== INFORMATION SHOWN ==

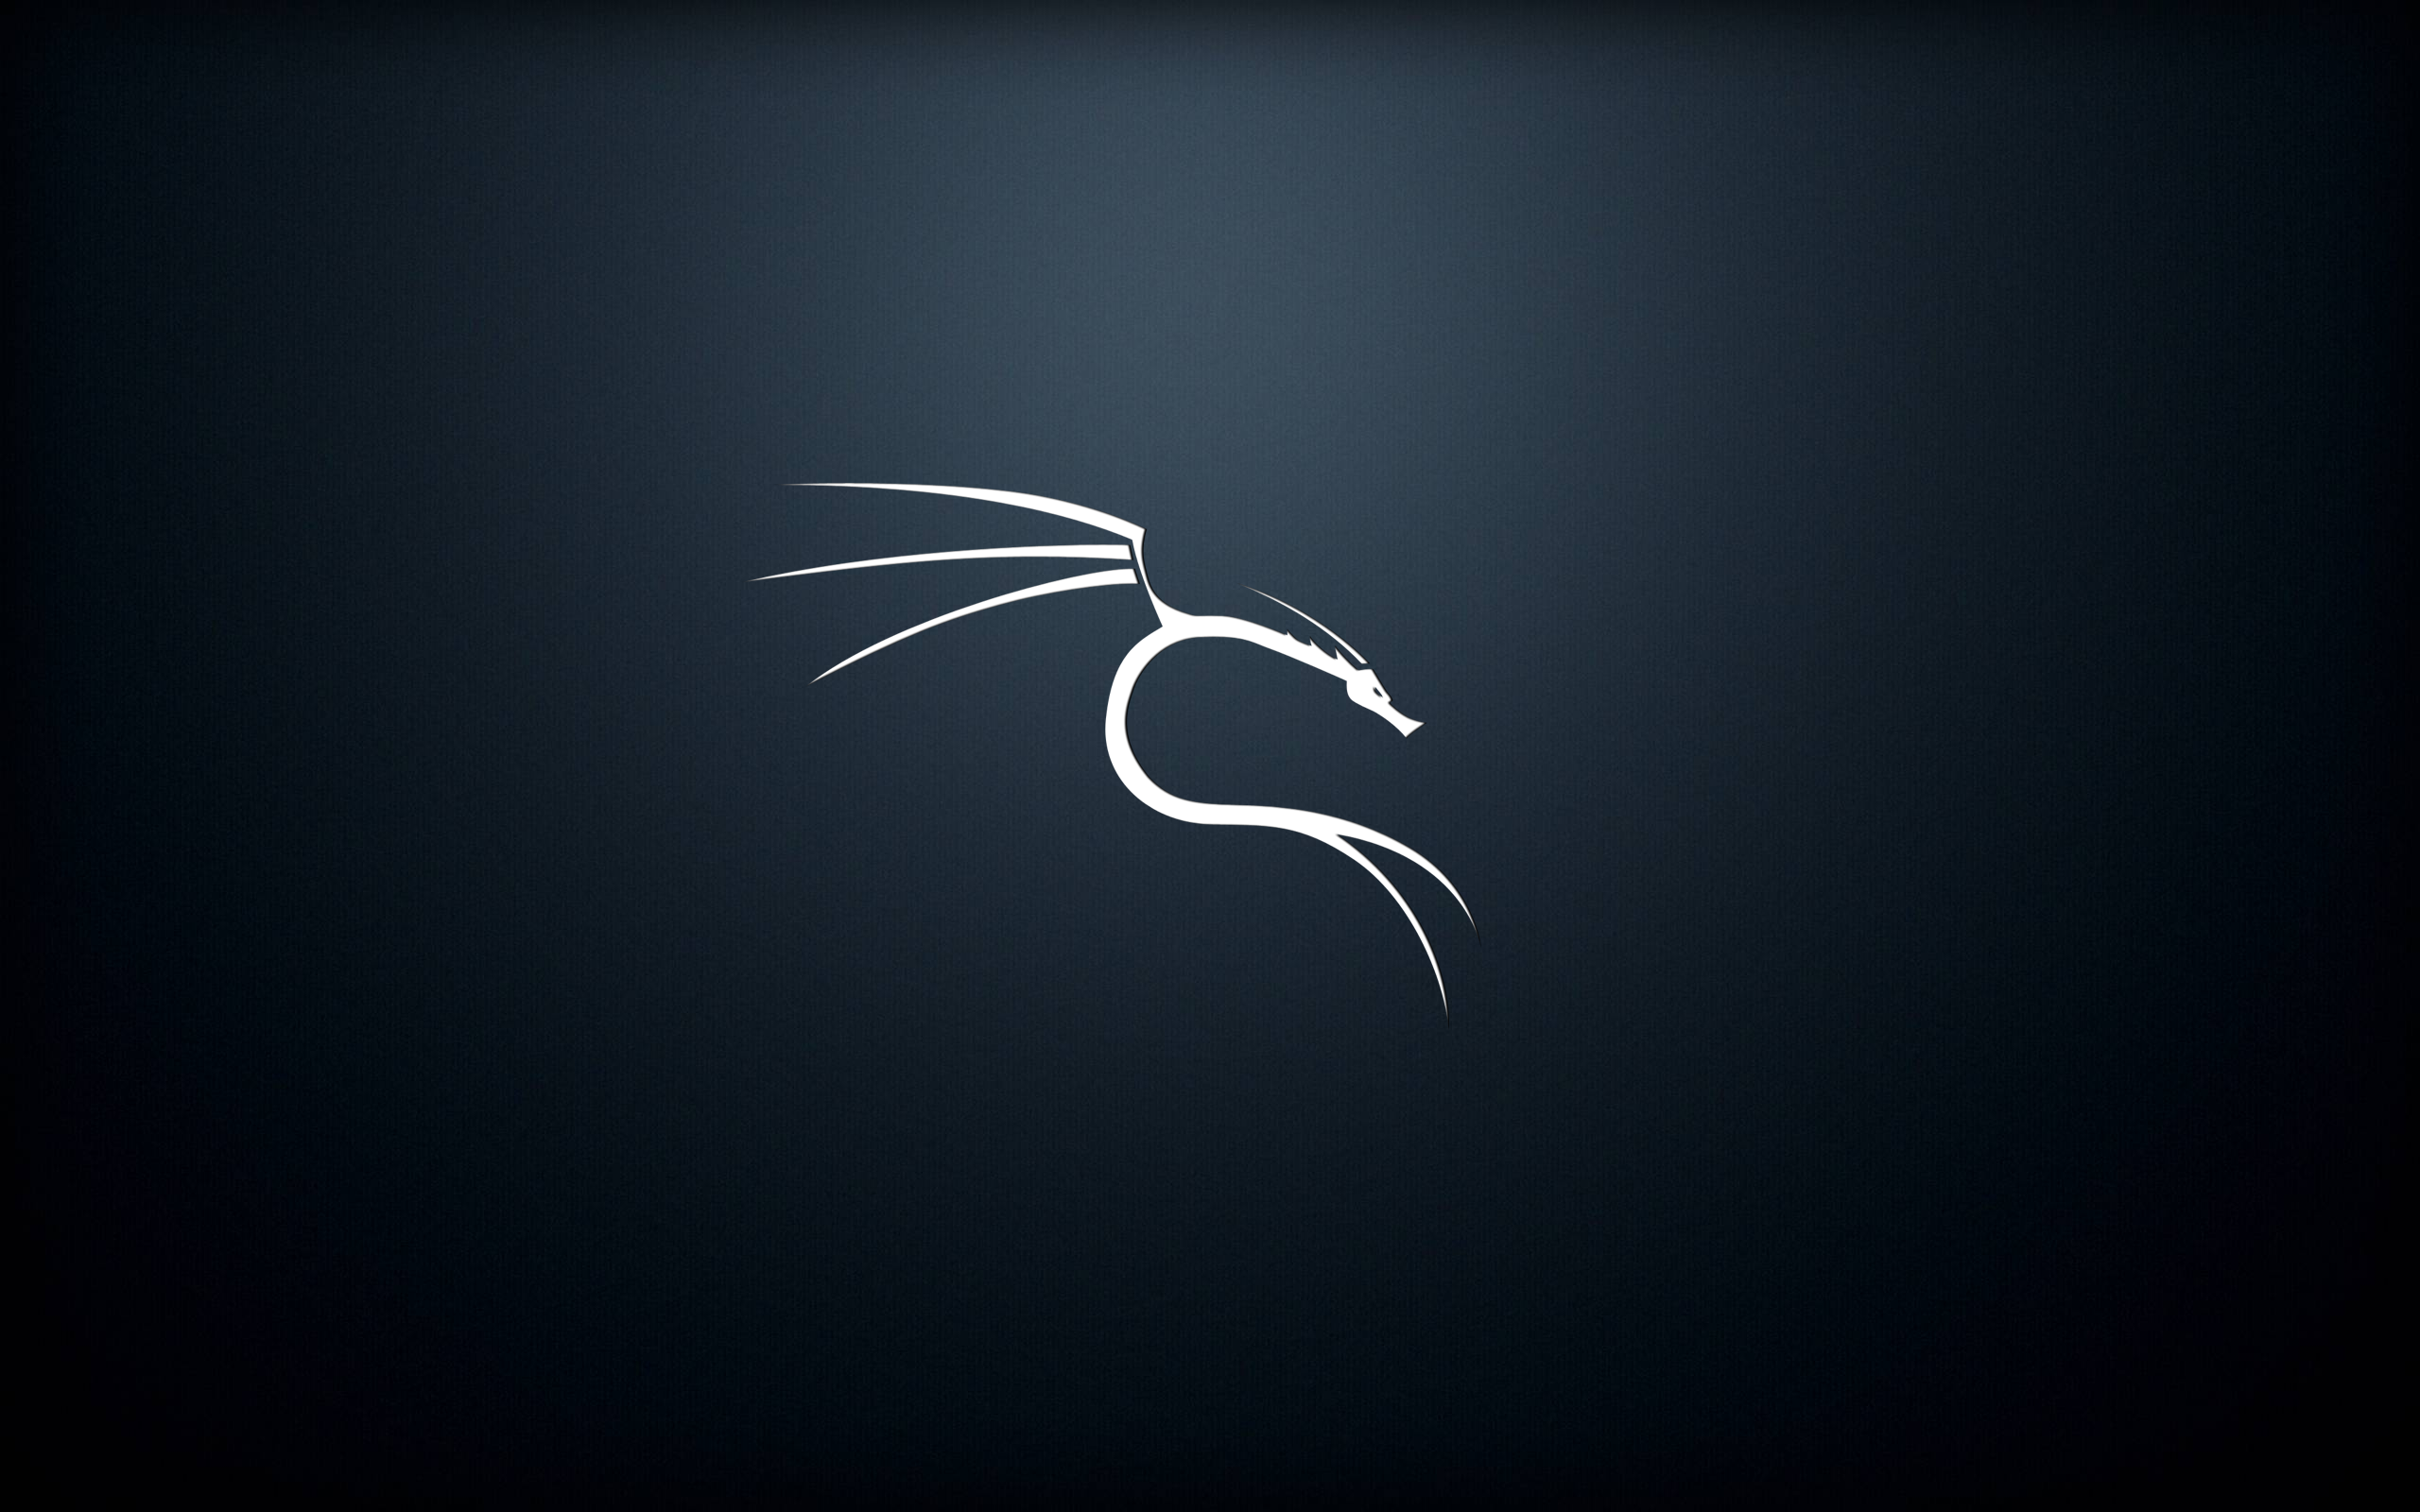 GitHub - dorianpro/kali-linux-wallpapers: A set of dedicated Kali Linux*  wallpapers which I'm going to update regularly. They all done using GIMP  and other GNU/Linux/FOSS.
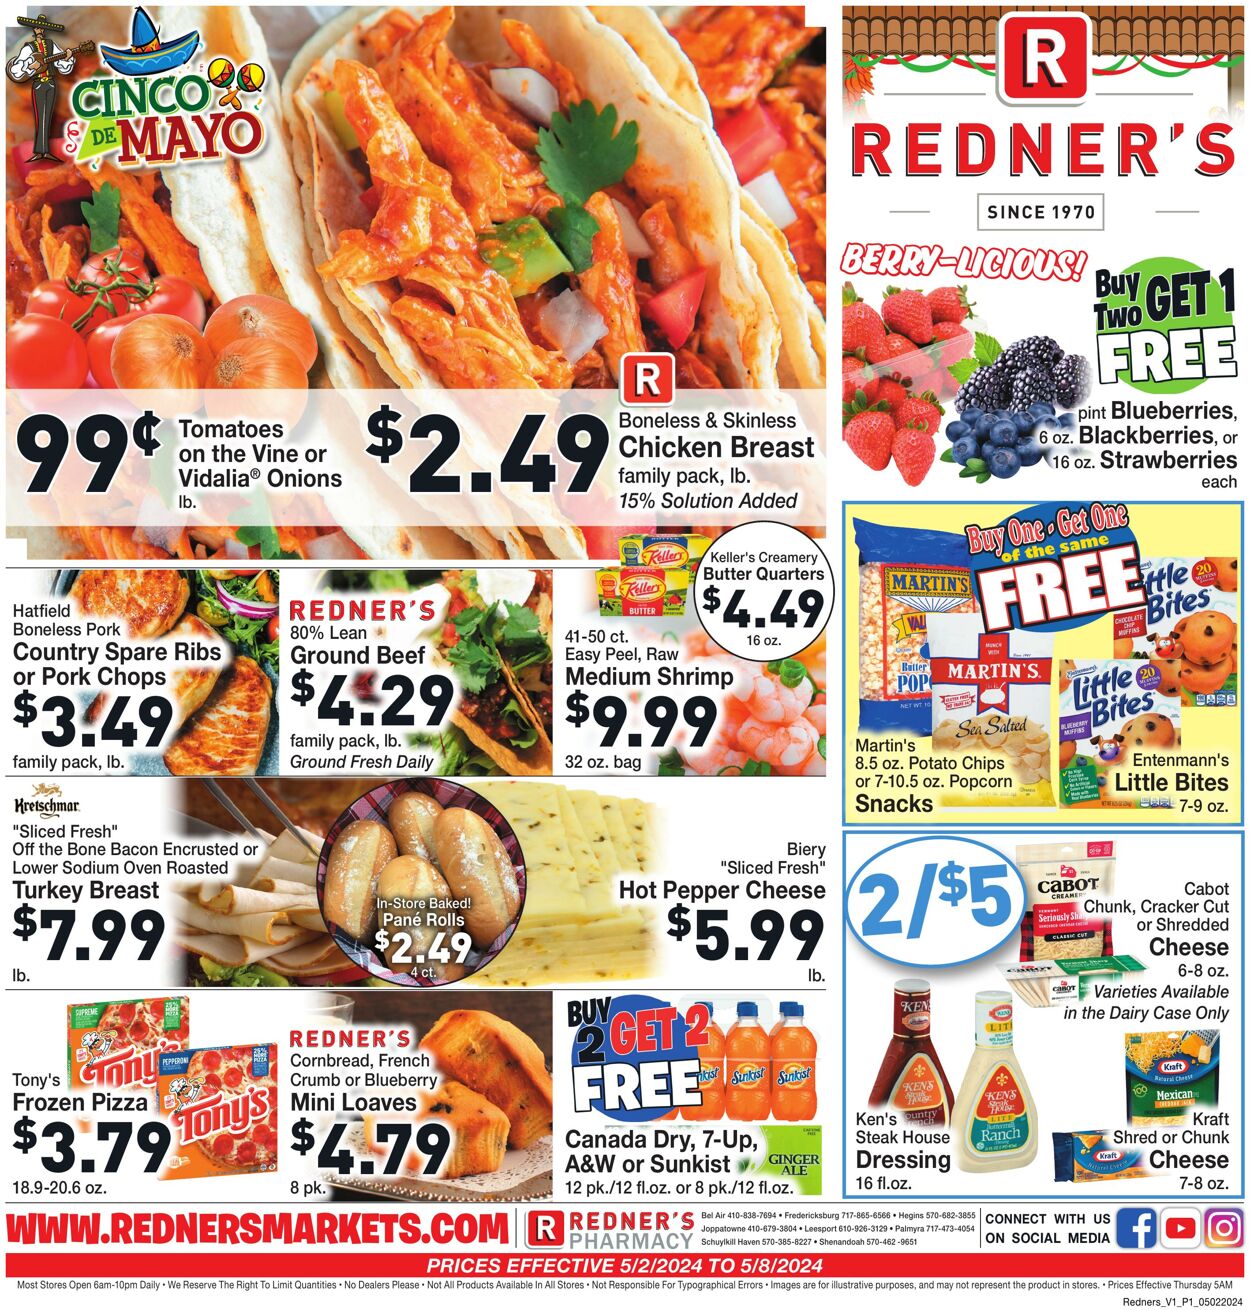 Redner's Markets Promotional weekly ads
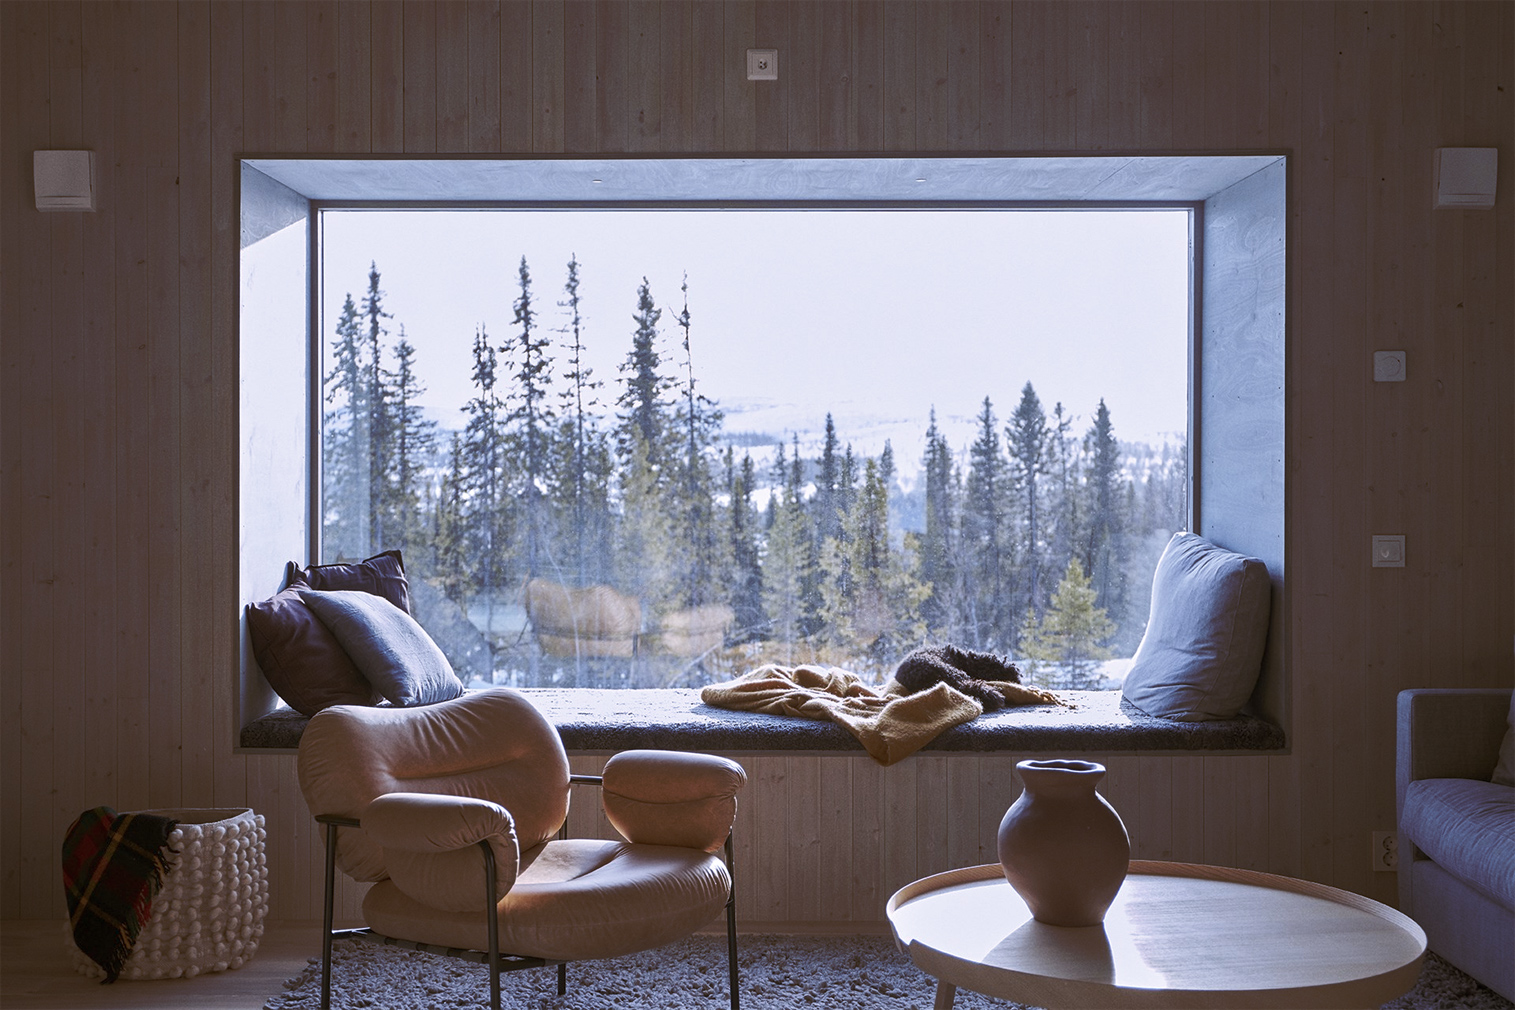 Slope living gets a contemporary spin inside this Vemdalen ski chalet

===

■ WHAT IS BEING ASKED: Please set down every line of the listing verbatim, excluding its pictures.

■ SOLUTION TO THIS EXERCISE:
 GitHub - dorianpro/kali-linux-wallpapers: A set of dedicated Kali Linux*  wallpapers which I'm going to update regularly. They all done using GIMP  and other GNU/Linux/FOSS.
 Redner's Markets Promotional weekly ads
 Slope living gets a contemporary spin inside this Vemdalen ski chalet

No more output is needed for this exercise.